RAW DATA
____

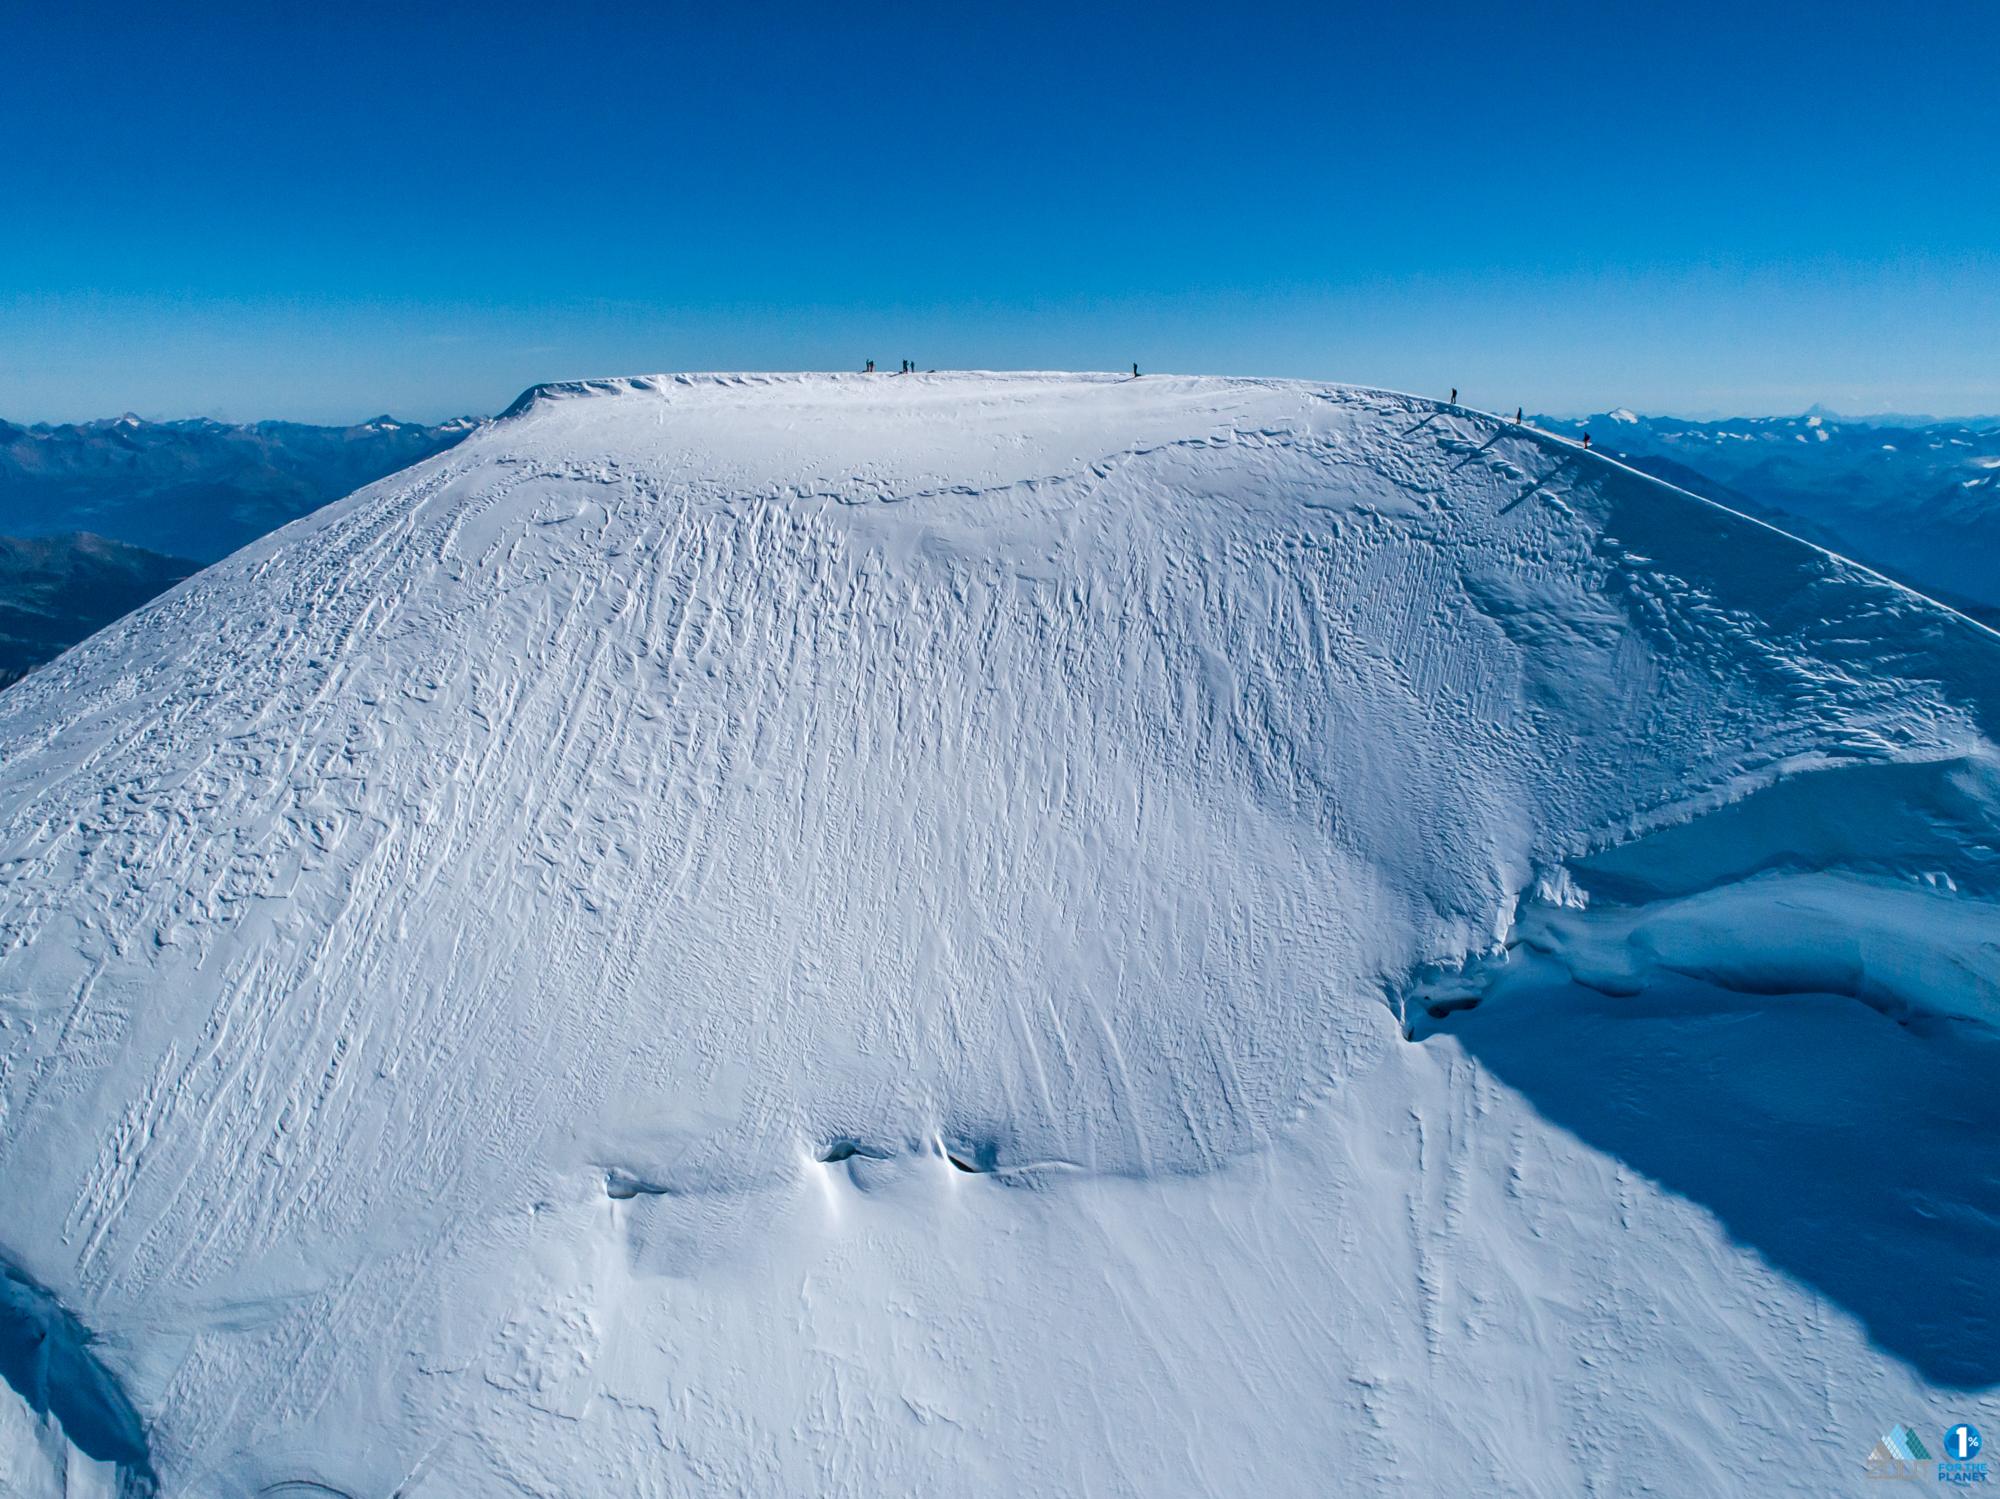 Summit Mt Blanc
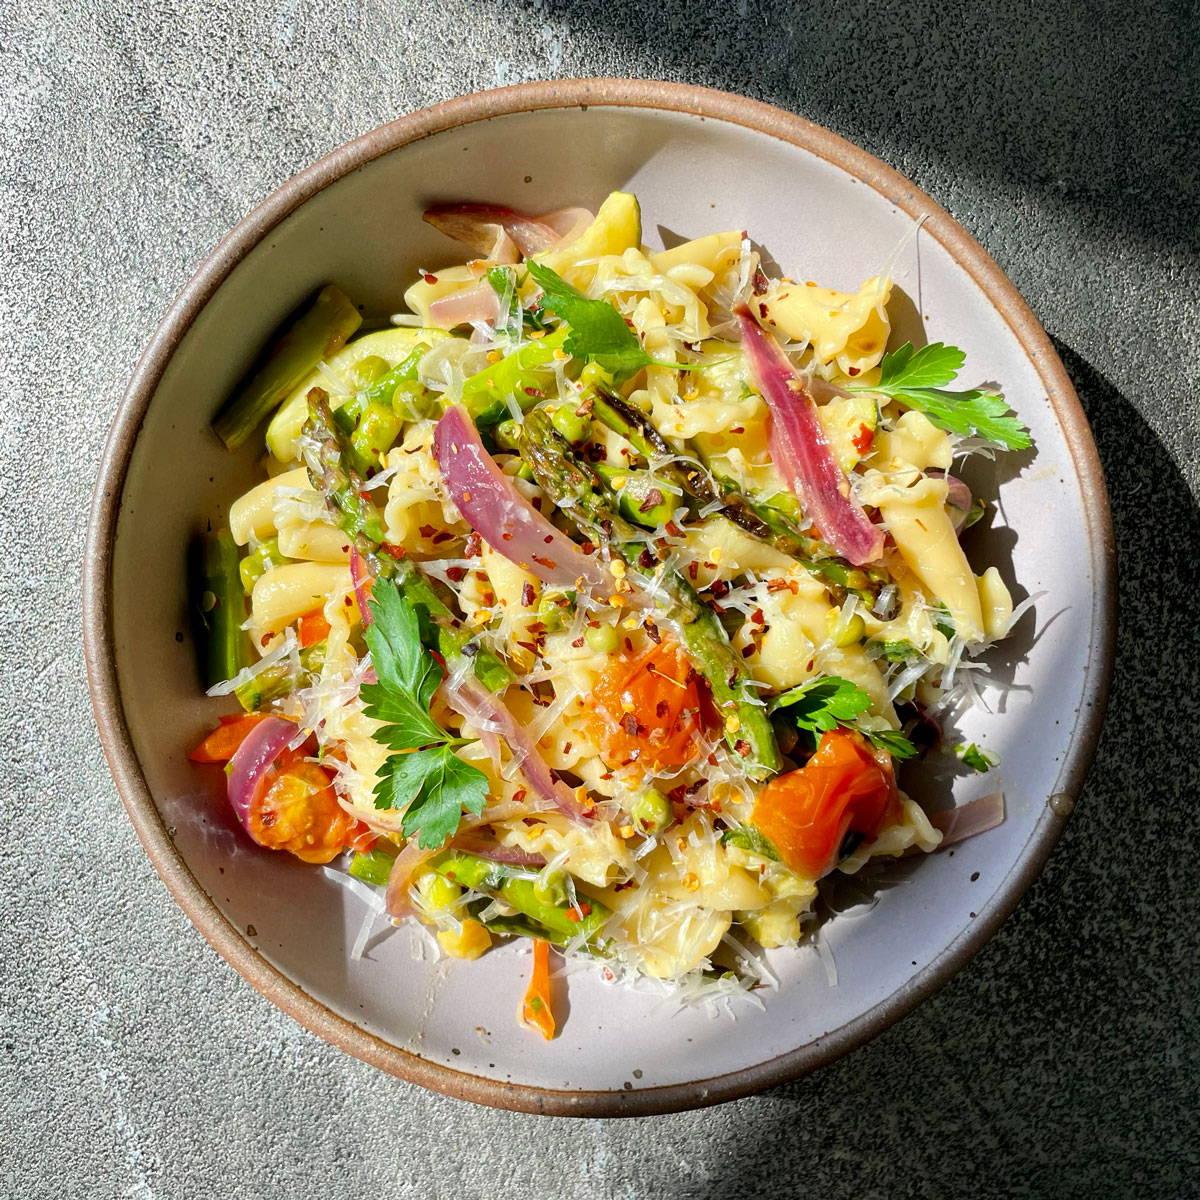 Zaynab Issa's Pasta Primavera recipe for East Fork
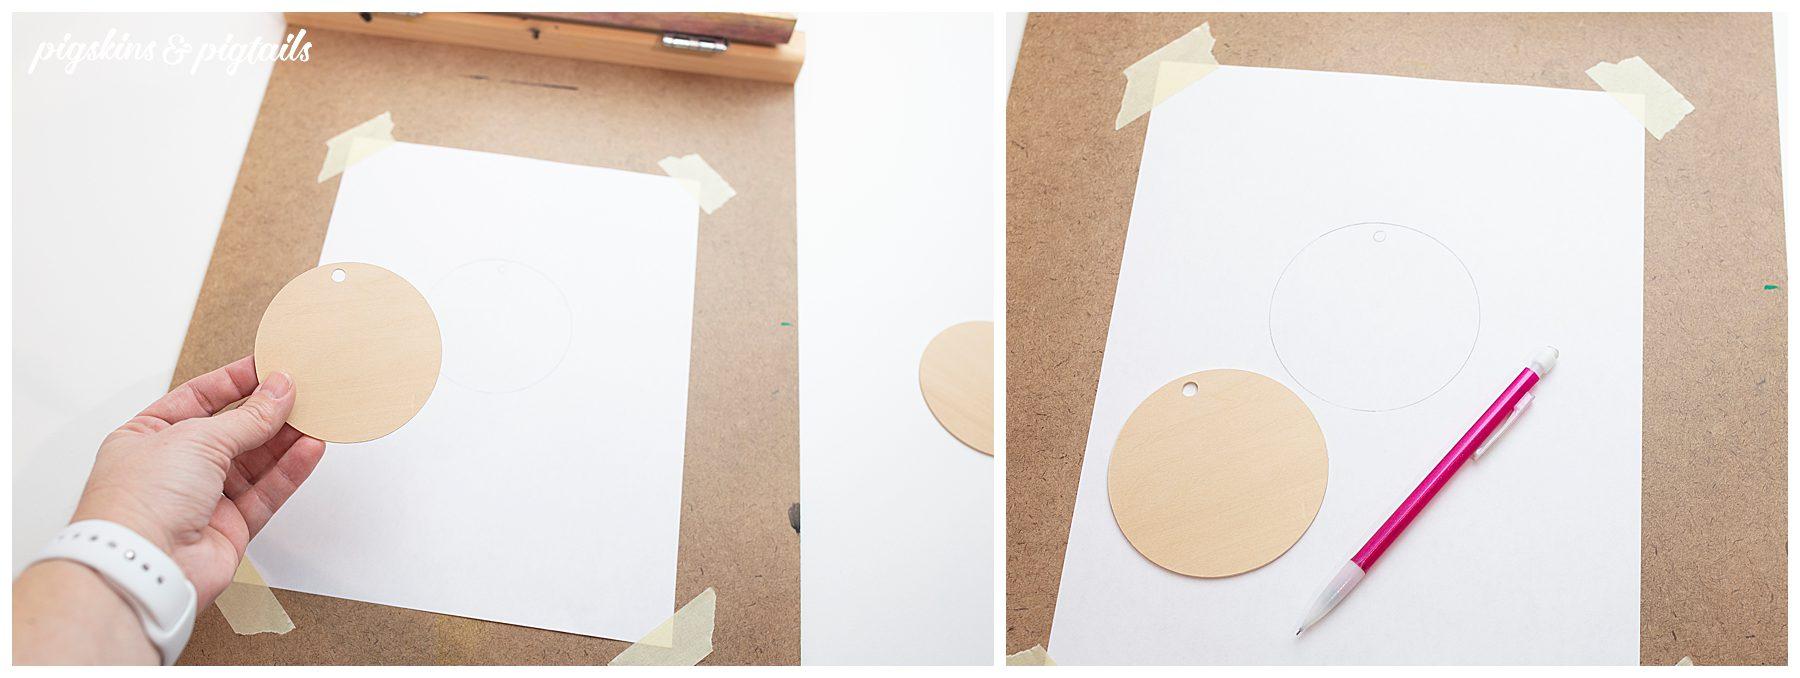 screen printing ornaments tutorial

____

AIM OF THE TASK
Give the listing again exactly, but omit each image.

EXERCISE OUTPUT
 Summit Mt Blanc
 Zaynab Issa's Pasta Primavera recipe for East Fork
 screen printing ornaments tutorial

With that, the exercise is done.